Is all this possible? The answer is yes, but, being a process that also requires generational changes, it is neither immediate nor painless.
Suffice it to say that, in the case of a counter-urbanism, we must rethink urban redevelopment models of large cities and the functional reorganization of small towns.
To stay still in the field of urban systems, let’s take Italy as an example.
If we put the same population of 2020 as 2100 (even if the projections tell us that our country has a clear downward trend), that is 60,000,000 people, and we distribute them over 7903 Municipalities (data as of 1 July 2020), we will have an average density, per inhabited center, of 7,592 inhabitants.

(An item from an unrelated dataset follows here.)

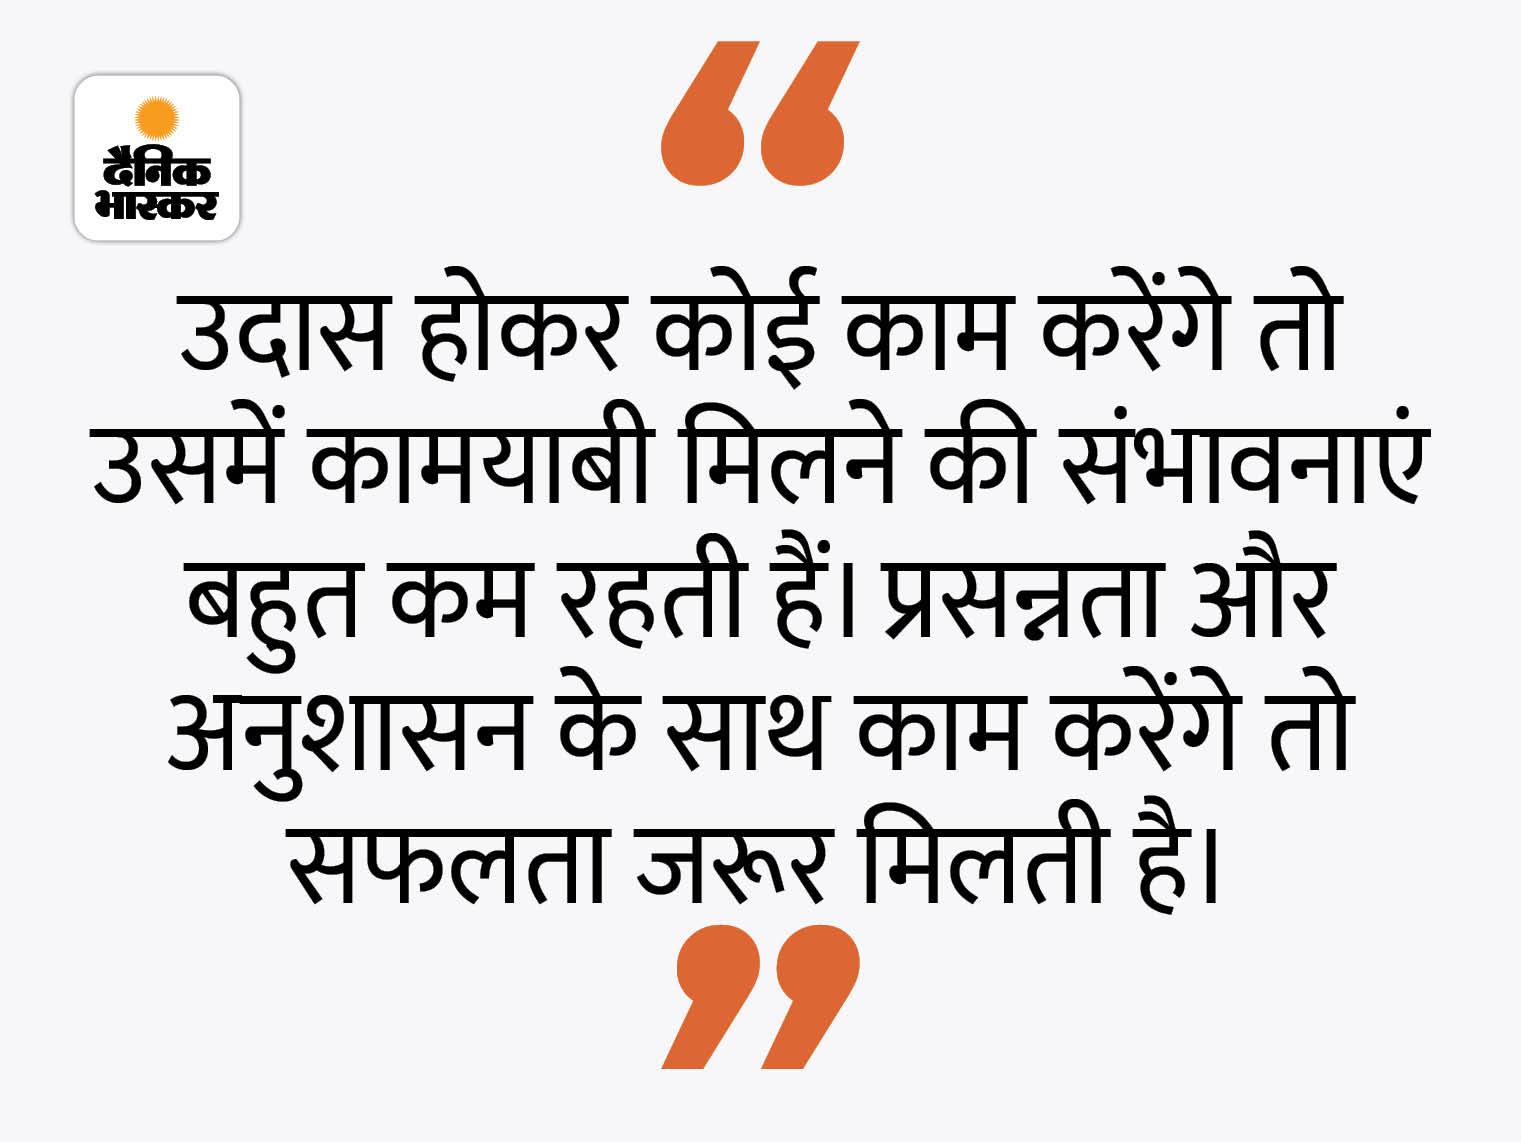 जब कोई बड़ा काम करना हो तो अनुशासन बहुत जरूरी है, इसके बिना काम बिगड़ जाते हैं|धर्म,Dharm - Dainik Bhaskar
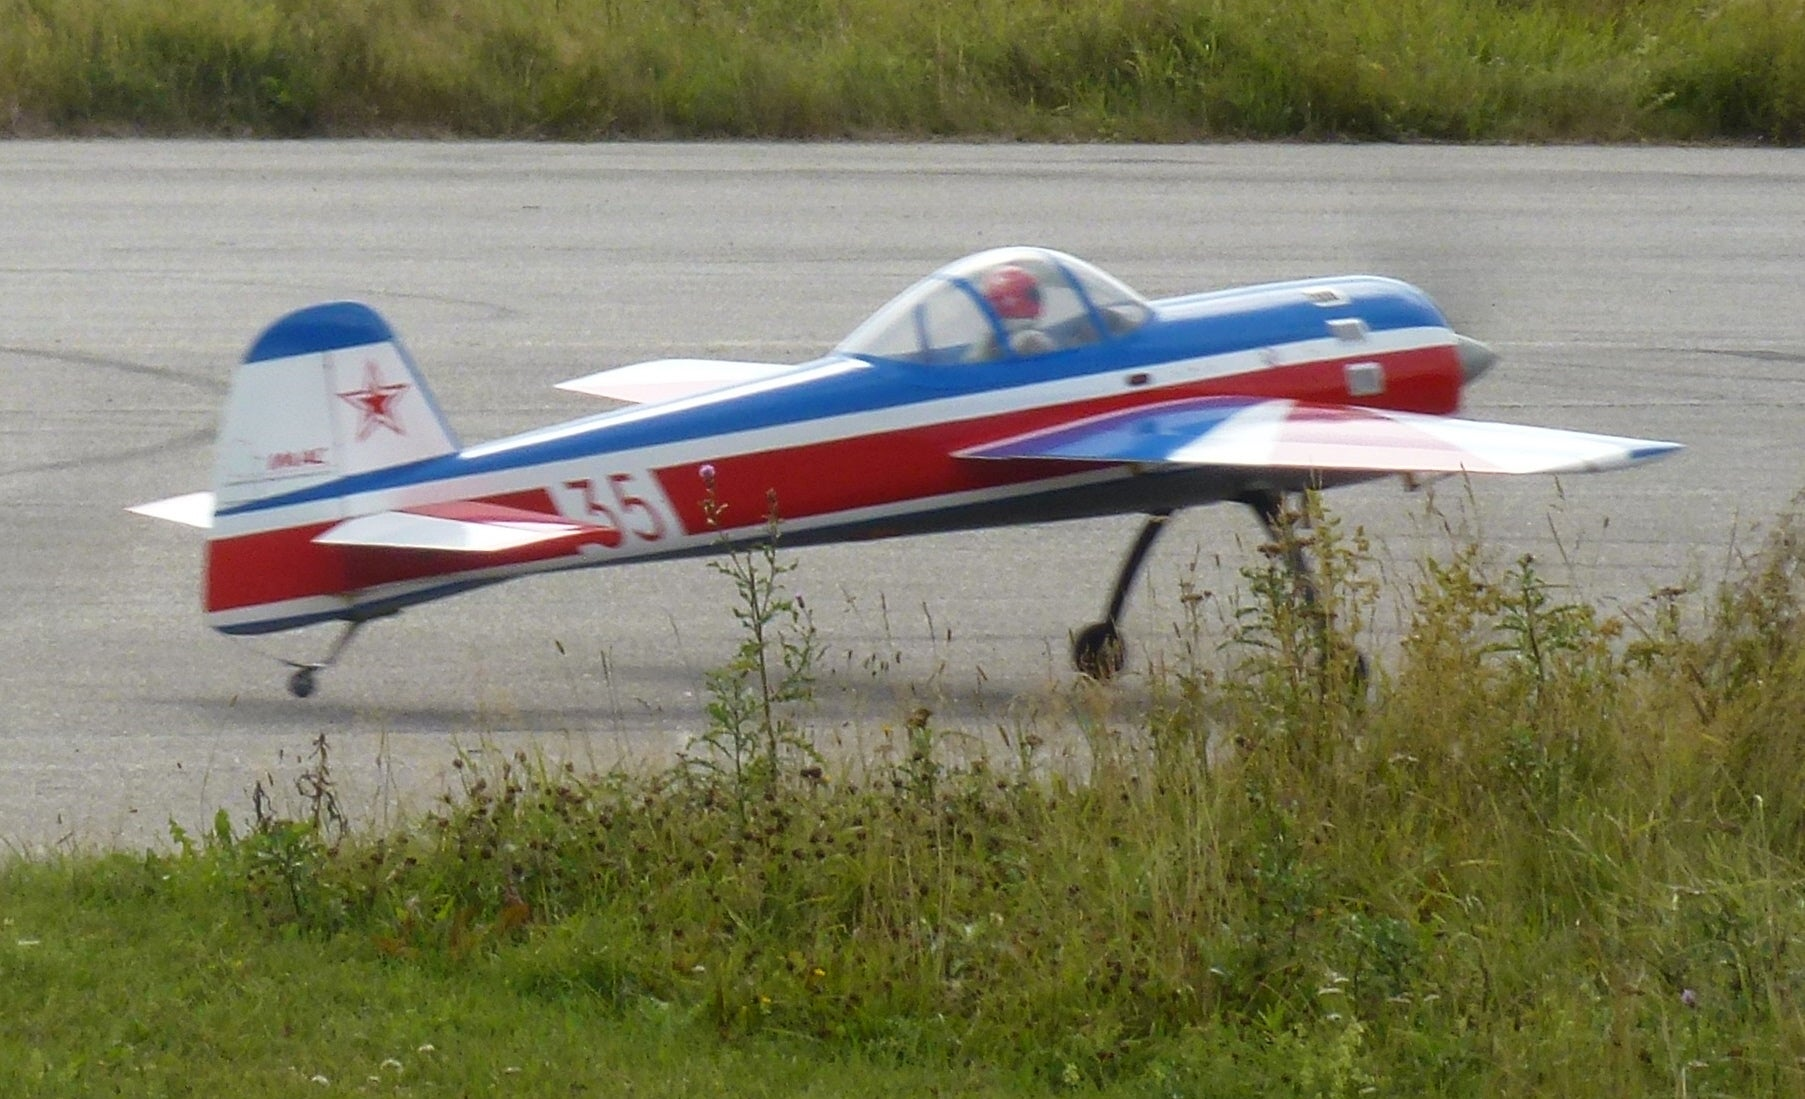 Model Airplane On Runway

On the other hand, if we take China as an example (a country in which due to birth control and other factors there will be a significant demographic decline) we will reach 2100 with about 1,000,000,000 people spread over an area of 9,706,961 km², with a density of just over 100 inhabitants km², in comparison with the current one of 150.5 per km² and in comparison, again, with the 200.6 of Italy.
Even in this country, redistribution would completely change lifestyles and related processes.
On a planetary level, this redistribution will completely change the social organization, the wasteful system of transport over ever longer distances, the relationship between people and territories, the role of territories, the balance between social ecosystem and natural ecosystem.
We will obtain that “small is beautiful” of which all the laws of physics are made, to implement it in social laws which, only in this way, would become truly ethical and fair, giving the planet concrete democracy.